By Rithy Chey
Thailand Business News
Despite a slow start for milled-rice exports in 2012 brought on by falling regional prices, officials yesterday predicted Cambodian shipments would more than double to 400,000 tonnes this year.
Tax exemptions from Europe, which boosted milled-rice exports to about 173,000 tonnes last year, would continue to help the sector, Minister of Agriculture, Forestry and Fisheries Chan Sarun said yesterday at a ministry meeting.He acknowledged, however, that low rice prices in the region had led to a relatively slow start during the first quarter of the year and did not offer export figures for the three-month period.New orders for milled rice in January and February were considerably lower than the same months in 2011, the Post reported.
The high cost of milling and transportation in Cambodia had rendered the industry uncompetitive in the face of falling prices in Vietnam, India and Thailand, experts had said.Trade with China could help realise the goal, although Europe would remain the Kingdom’s biggest market, Kim Savuth, general director for Khmer Food Company, said yesterday.

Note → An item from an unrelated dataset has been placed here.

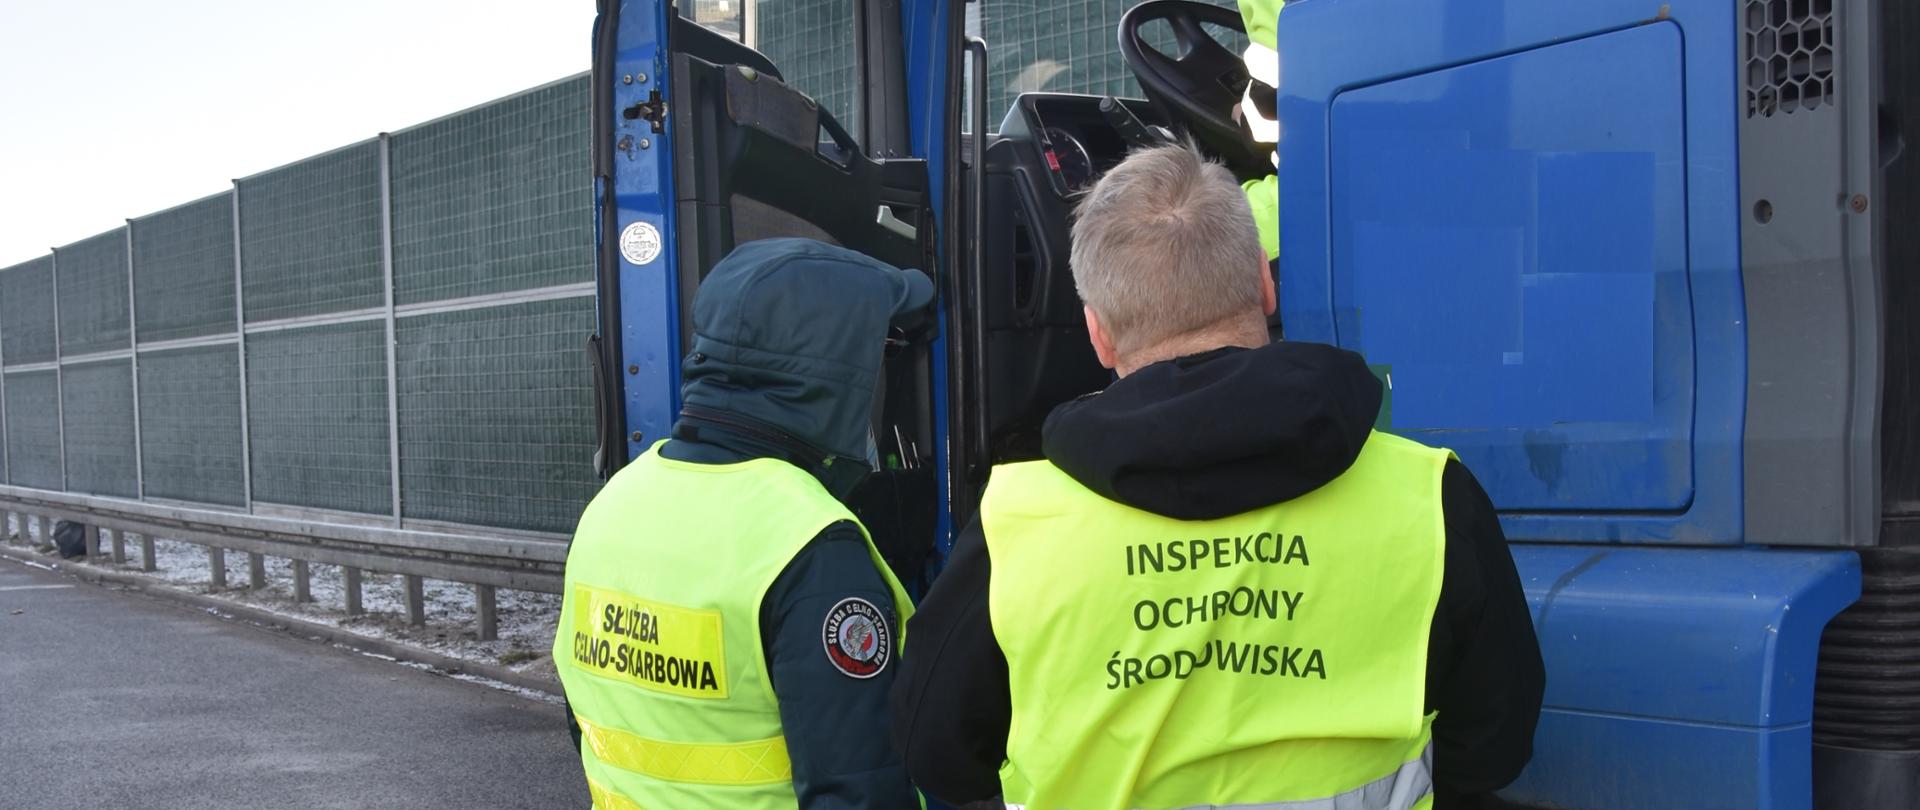 Inspektor Wojewódzkiego Inspektoratu Ochrony Środowiska w Warszawie wraz z funkcjonariuszem Krajowej Administracji Skarbowej kontroluje samochód ciężarowy.
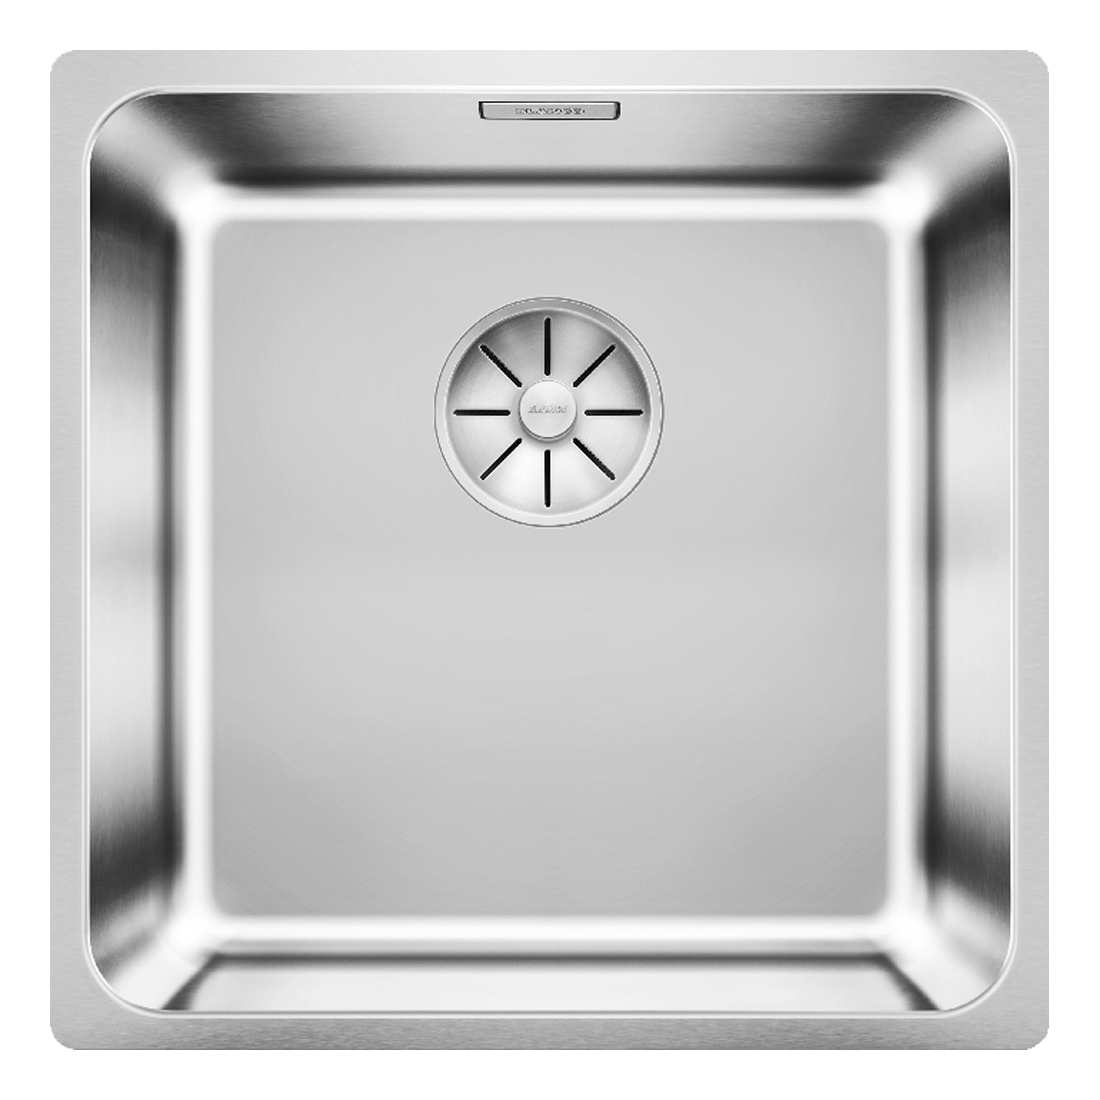 Кухонная мойка Blanco Solis 400-U полированная сталь кухонная мойка blanco solis 500 u полированная сталь

Kim Savuth claimed Cambodia exported about 37,000 tonnes of milled rice in the first three months of the year, up from what the Ministry of Commerce said was 25,784 tonnes during the same period in 2011.Price competition remains a problem for Cambodia, Mey Kalyan, senior adviser to the Supreme National Economic Council, said yesterday. But foreign investors, especially China, are increasingly interested, he said.Cambodia’s first rice exports to China failed to pass Chinese inspections earlier this year, the Post reported.